Assignment
Without including any pictures, reproduce all the lines below word for word.

Provided data
= = = = =

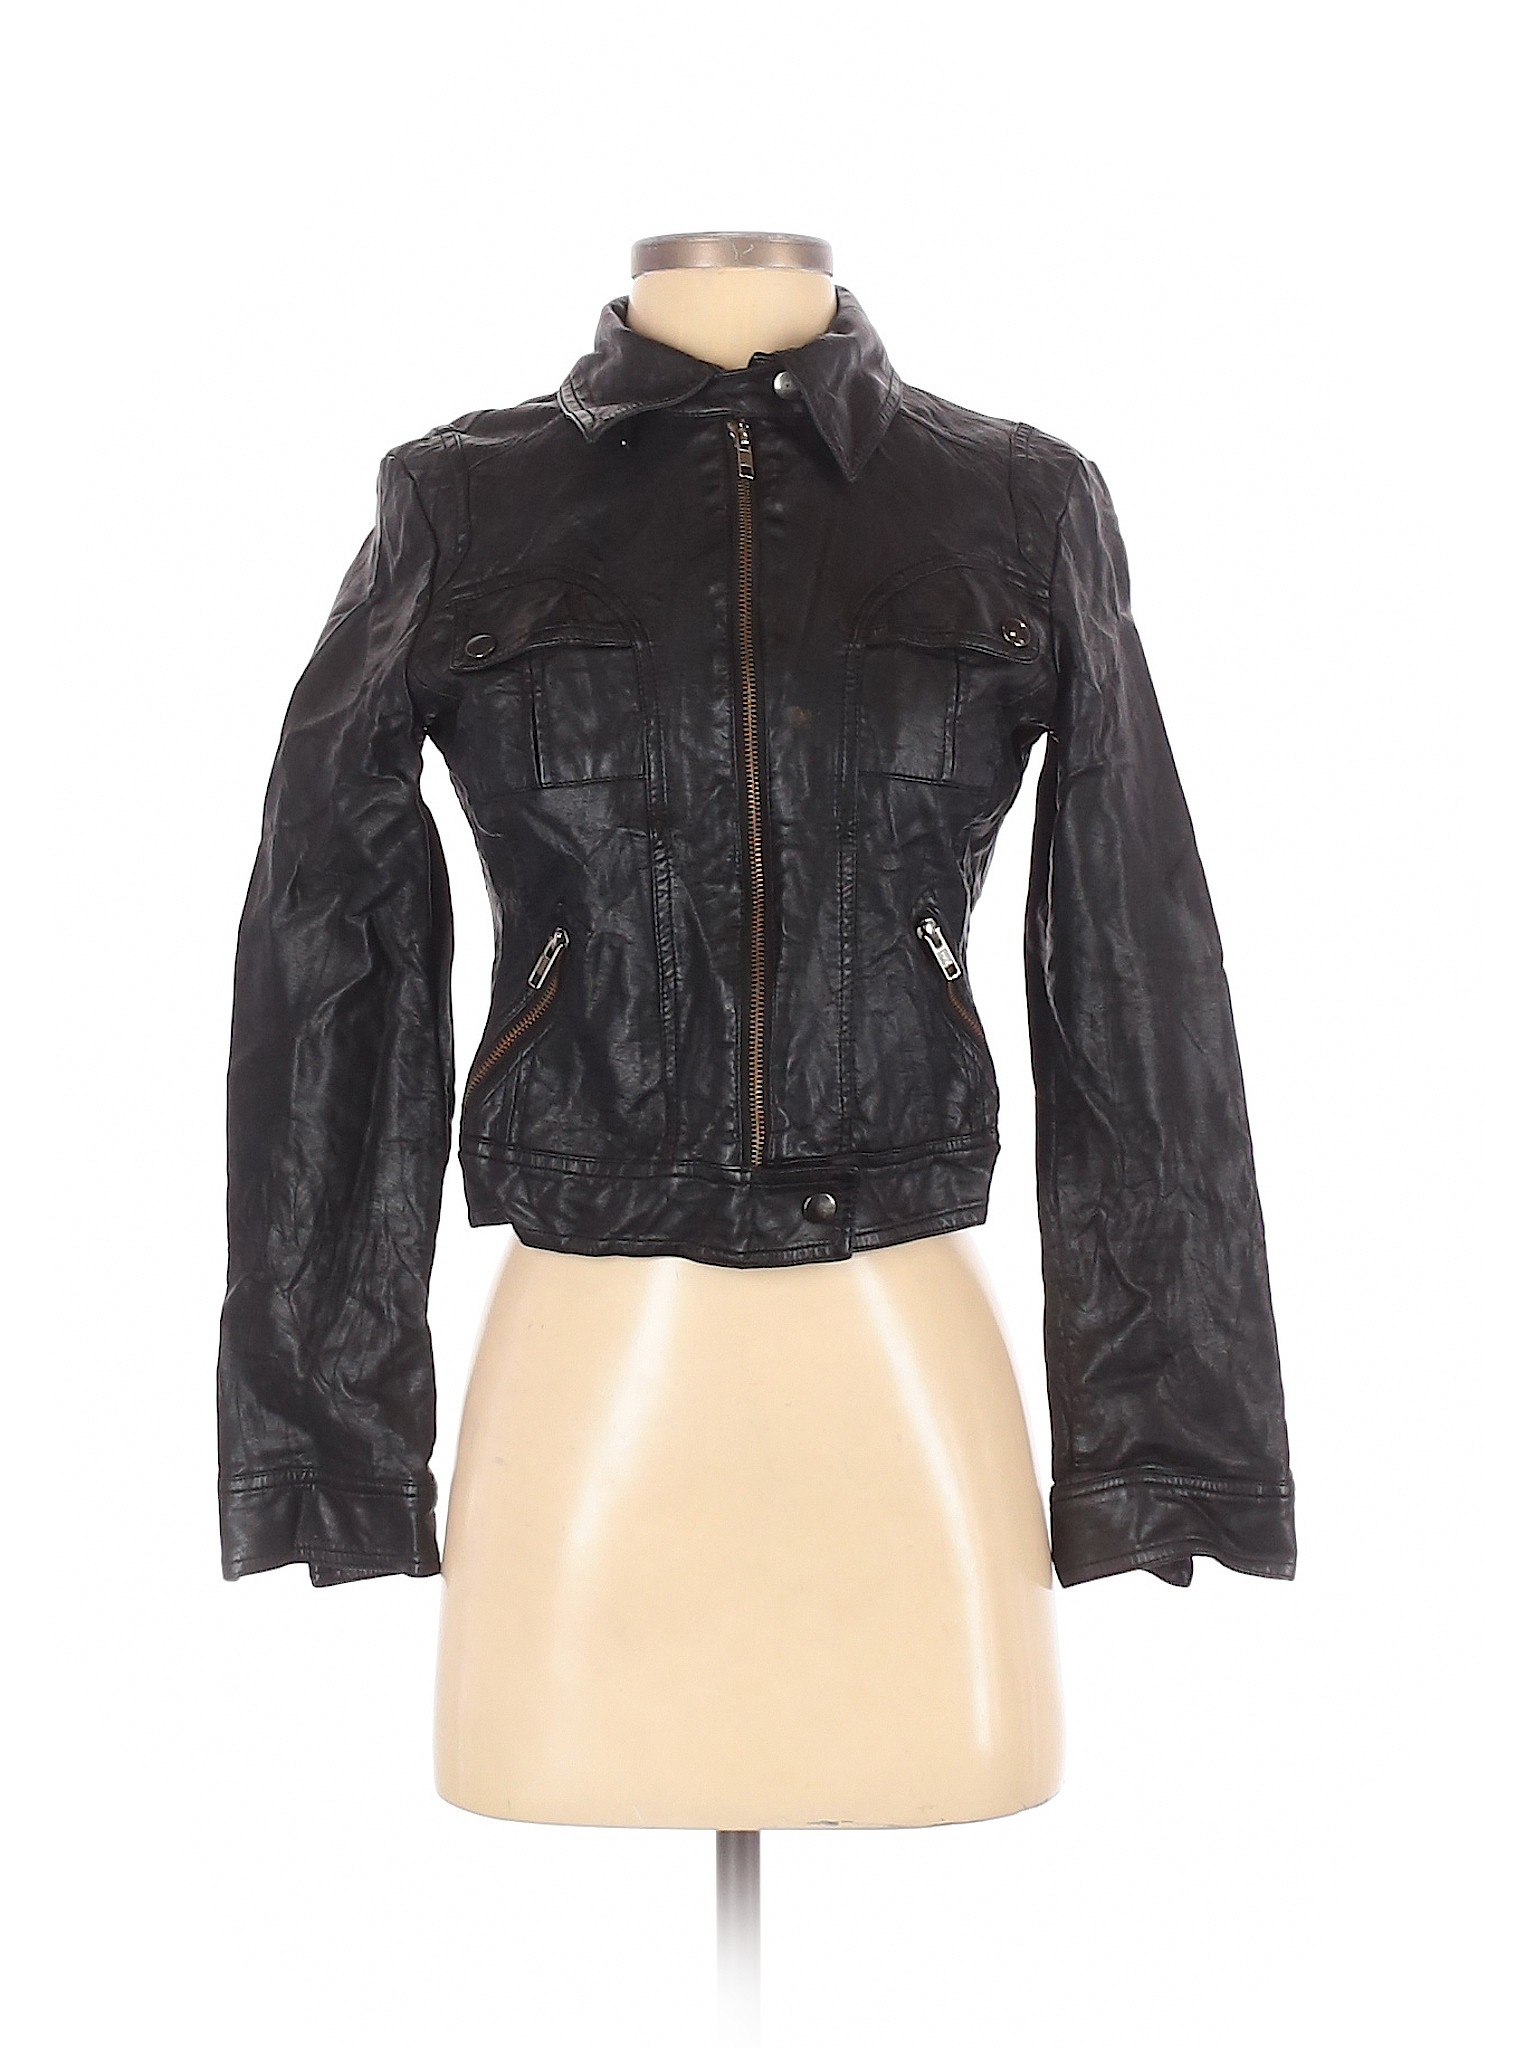 Elle Women Black Faux Leather Jacket S | eBay
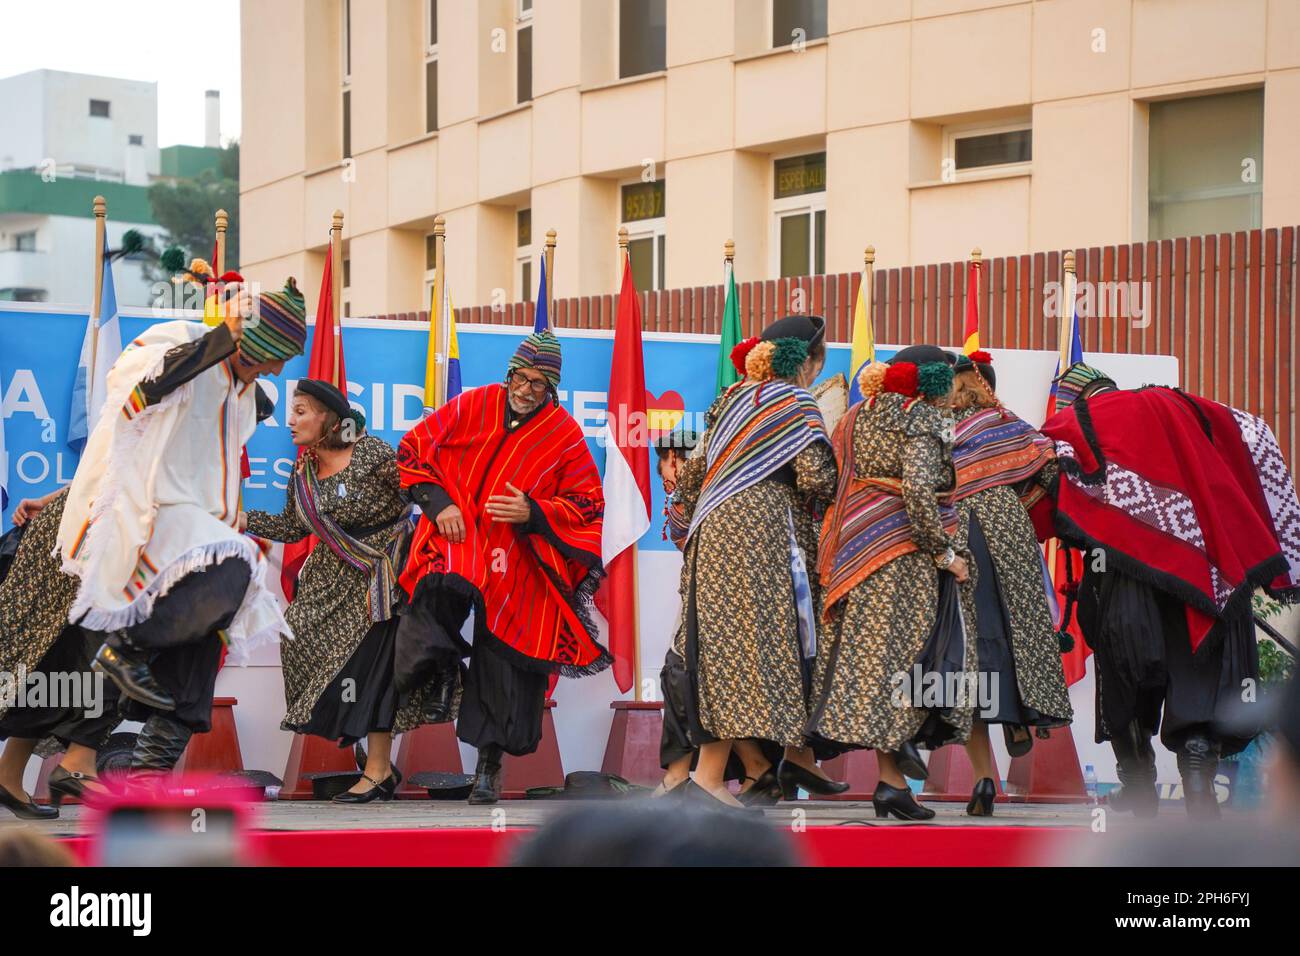 Torremolinos. Groupe de danse interprétant la danse traditionnelle de l'amérique du Sud, Torremolinos, dia del residente, événement multiculturel, Costa del sol, Espagne. Banque D'Images
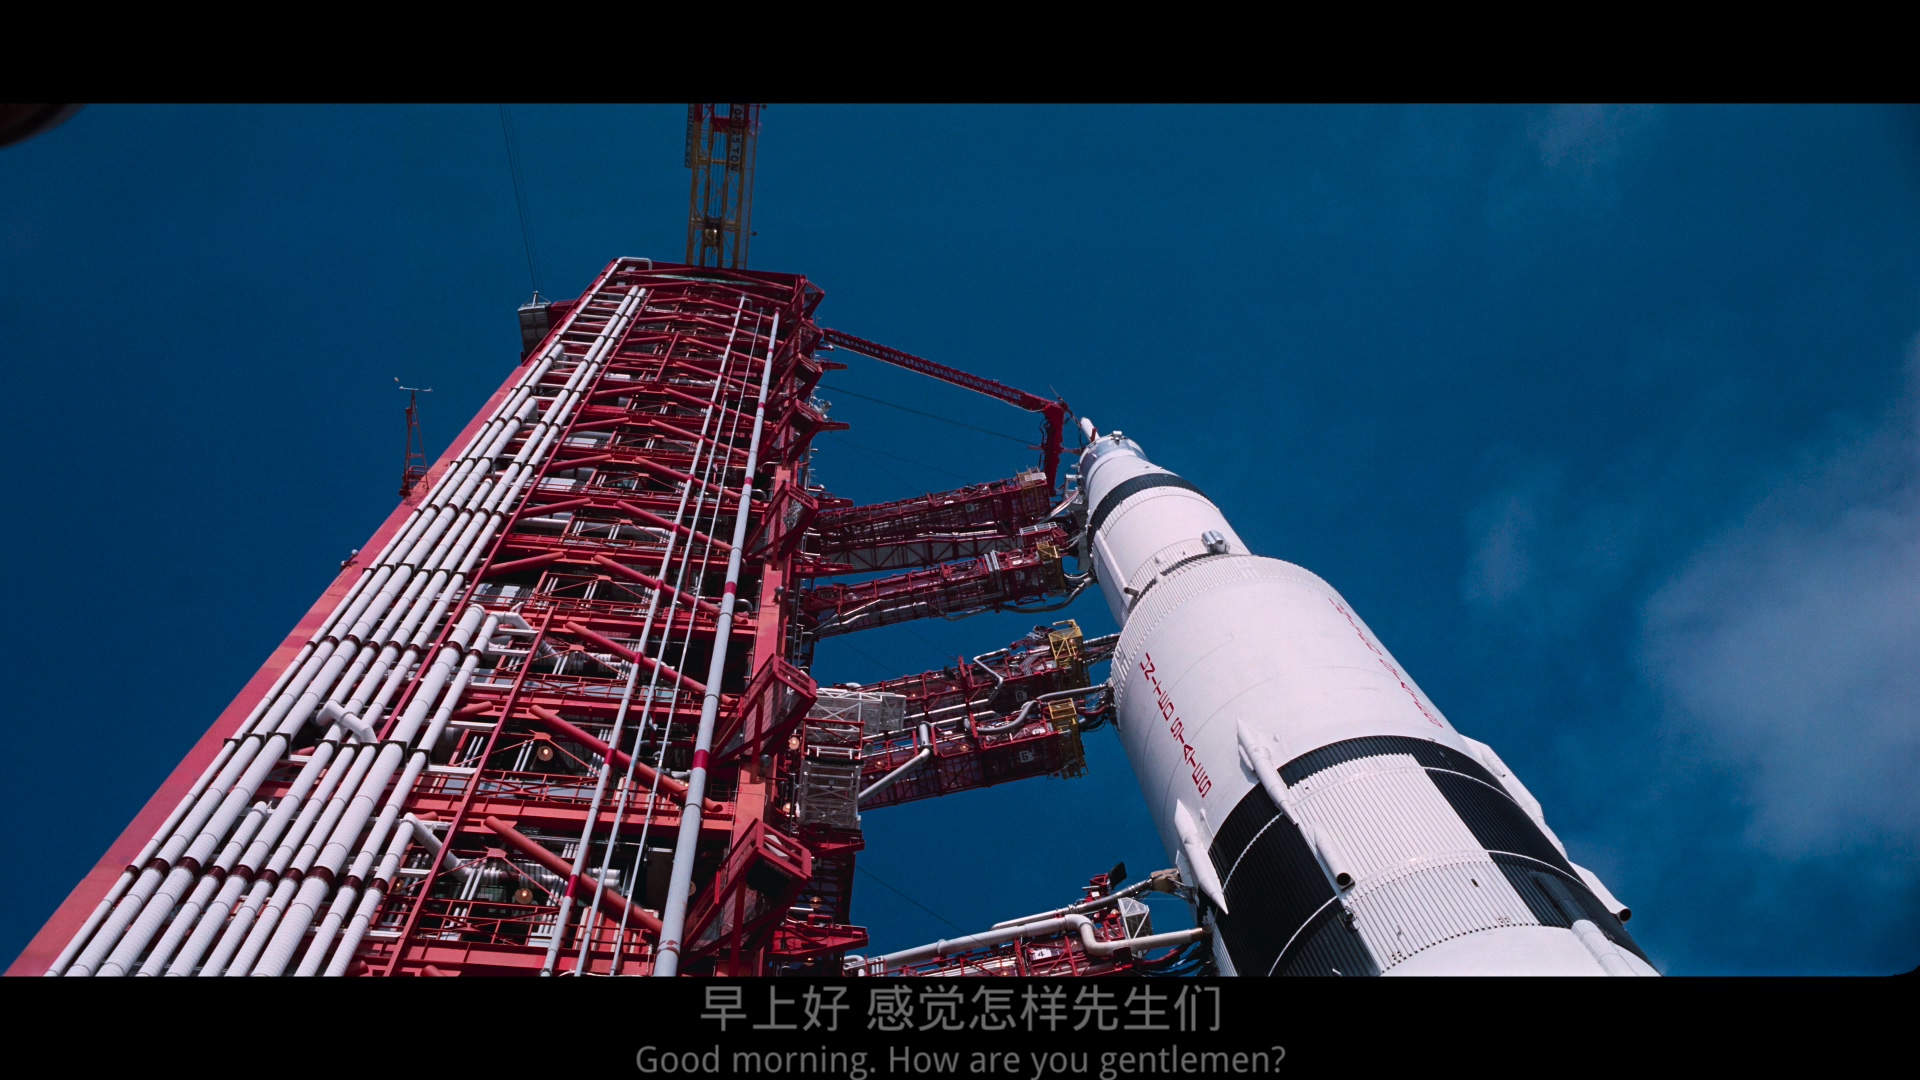 阿波罗11号/阿波罗登月[DIY简繁/简繁双语字幕] 4K UHD原盘 珍贵影像画质一流 Apollo 11 2019 2160p UHD Blu-ray HEVC DTS-HD MA 5.1-wezjh@OurBits    [70.83 GB  ]-4.jpg
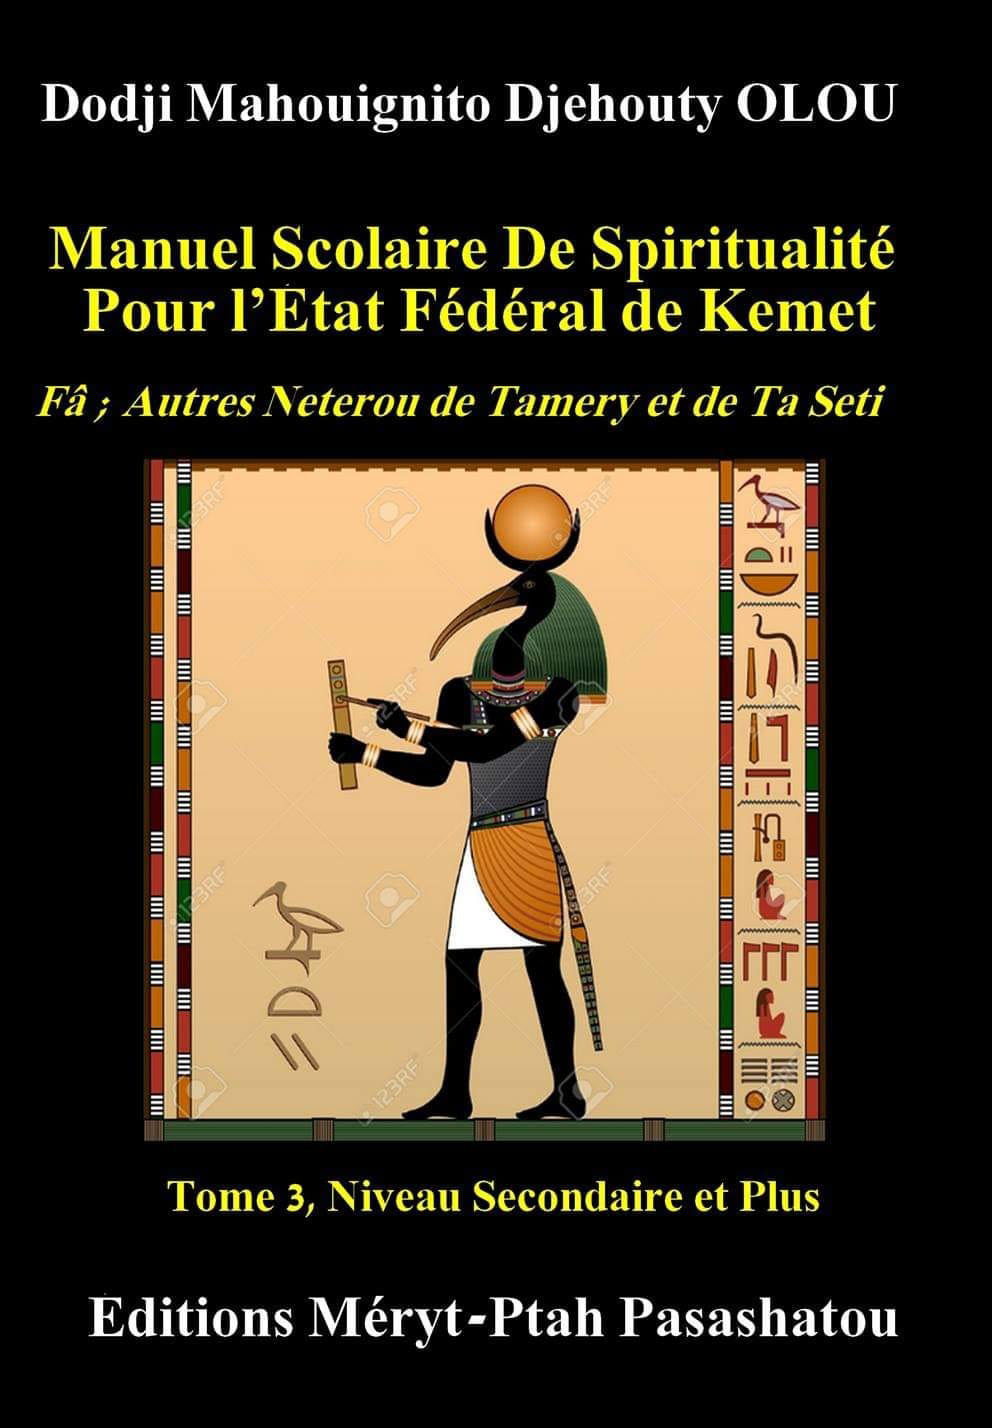 MANUEL SCOLAIRE DE SPIRITUALITE POUR L’ETAT FEDERAL DE KEMET Tome 3

= = = = =

Your response
 Elle Women Black Faux Leather Jacket S | eBay
 Torremolinos. Groupe de danse interprétant la danse traditionnelle de l'amérique du Sud, Torremolinos, dia del residente, événement multiculturel, Costa del sol, Espagne. Banque D'Images
 阿波罗11号/阿波罗登月[DIY简繁/简繁双语字幕] 4K UHD原盘 珍贵影像画质一流 Apollo 11 2019 2160p UHD Blu-ray HEVC DTS-HD MA 5.1-wezjh@OurBits    [70.83 GB  ]-4.jpg
 MANUEL SCOLAIRE DE SPIRITUALITE POUR L’ETAT FEDERAL DE KEMET Tome 3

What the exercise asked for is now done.